Feeling Anxious or Down? Try Presence!

Feeling Anxious or Down? Try Presence!

woman sitting with eyes closedMany of us – especially through the pandemic – struggle with upsetting emotions and don’t know what to do about it. Normally, we might reach out to a friend or spend time with a family member to feel supported. But even before we were bound to our homes or kept physically-distanced, we may have been too busy to connect with them. Our devices have taken over for much of the time we would be spending face to face with people we care about. This may leave us feeling disconnected from the world, depressed, and anxious.

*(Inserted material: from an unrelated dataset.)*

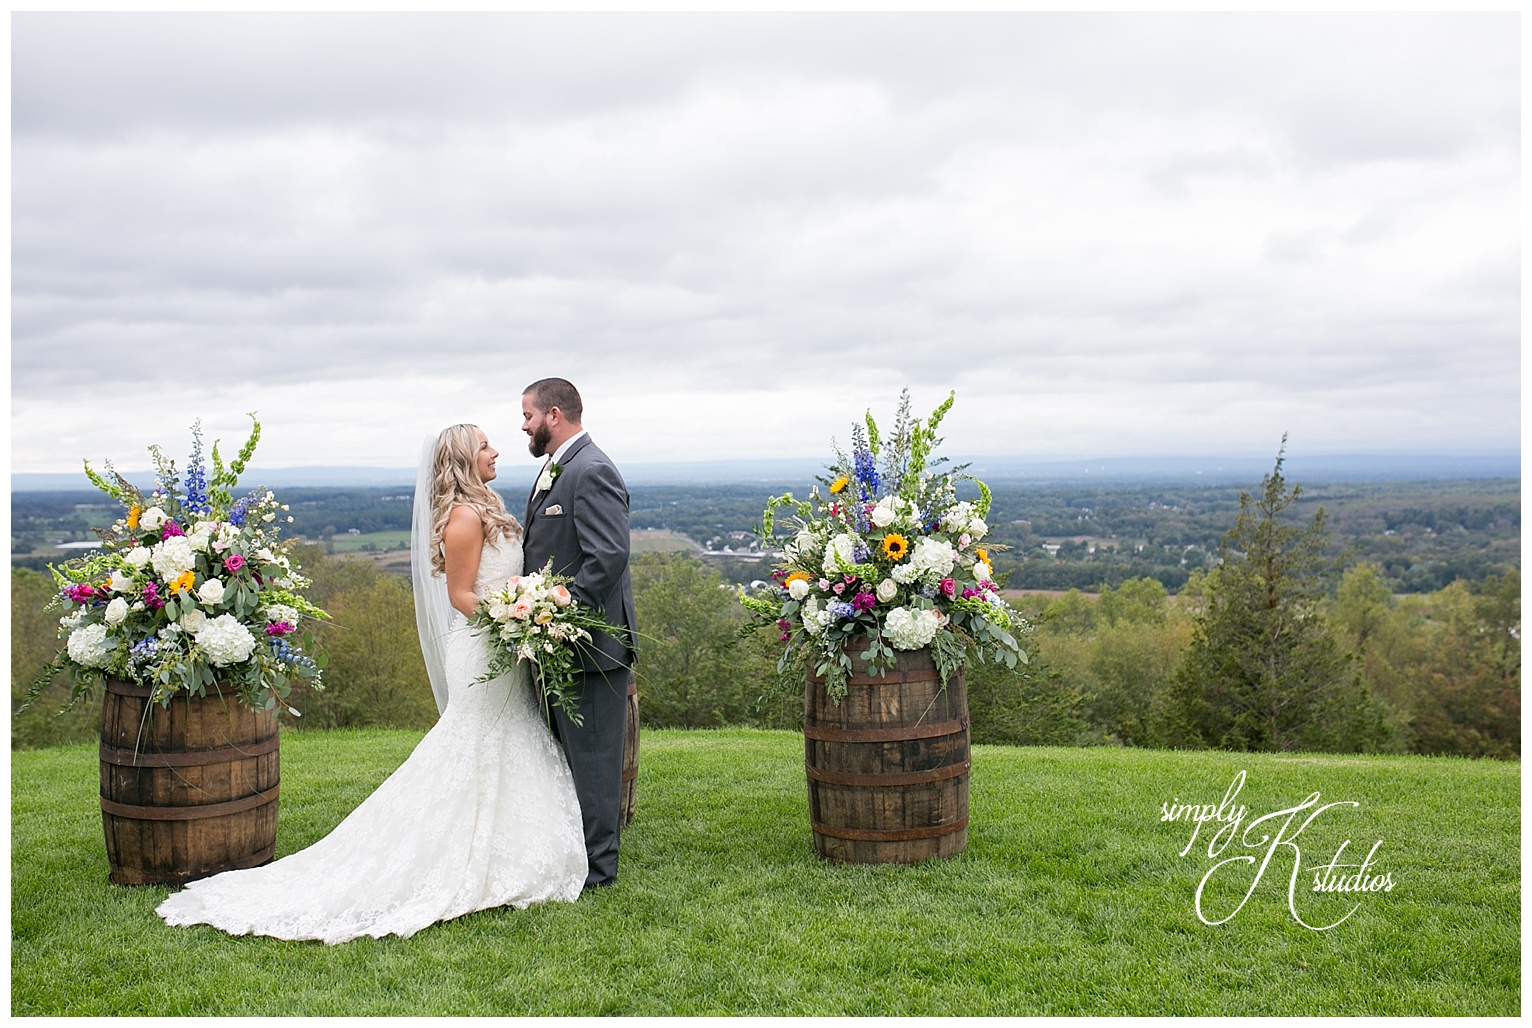 Taylor Rental Wedding Rentals.jpg

There are many ways, however, that we can release these feelings, shift our mindset, and increase our sense of happiness and satisfaction with life, even while sheltered in place. The most powerful that I have found – and the simplest – is practicing Presence.

Believing Our Thoughts

Recently, I was working with a client who was struggling with anxiety. She had a fear about what other people might think of her. It’s a very common experience that you might be able to relate to. She was also feeling very alone, and as a result, a bit down.

What she discovered as we journeyed through the session was that she spent a lot of time imagining the worst, thinking about all the awful things that other people might judge about her, all her shortcomings, etc. Yet when she reality-checked those thoughts – were they true? Did she know that those people were thinking about her at all? She recognized that they had no basis in reality. But when she repeated those thoughts over and over, and believed them, she spiraled down into worry and sadness.

Shifting from Thoughts to the Here and Now

Introducing the practice of presence created a palpable change for her. Over several minutes, shifting her attention from the thoughts to the physical sensations of her emotions, she discovered that the emotions would release. She was left with a feeling of greater ease and relaxation. It wasn’t from trying to get rid of the thoughts; it was from shifting her attention to the here and now, palpable experience through her senses.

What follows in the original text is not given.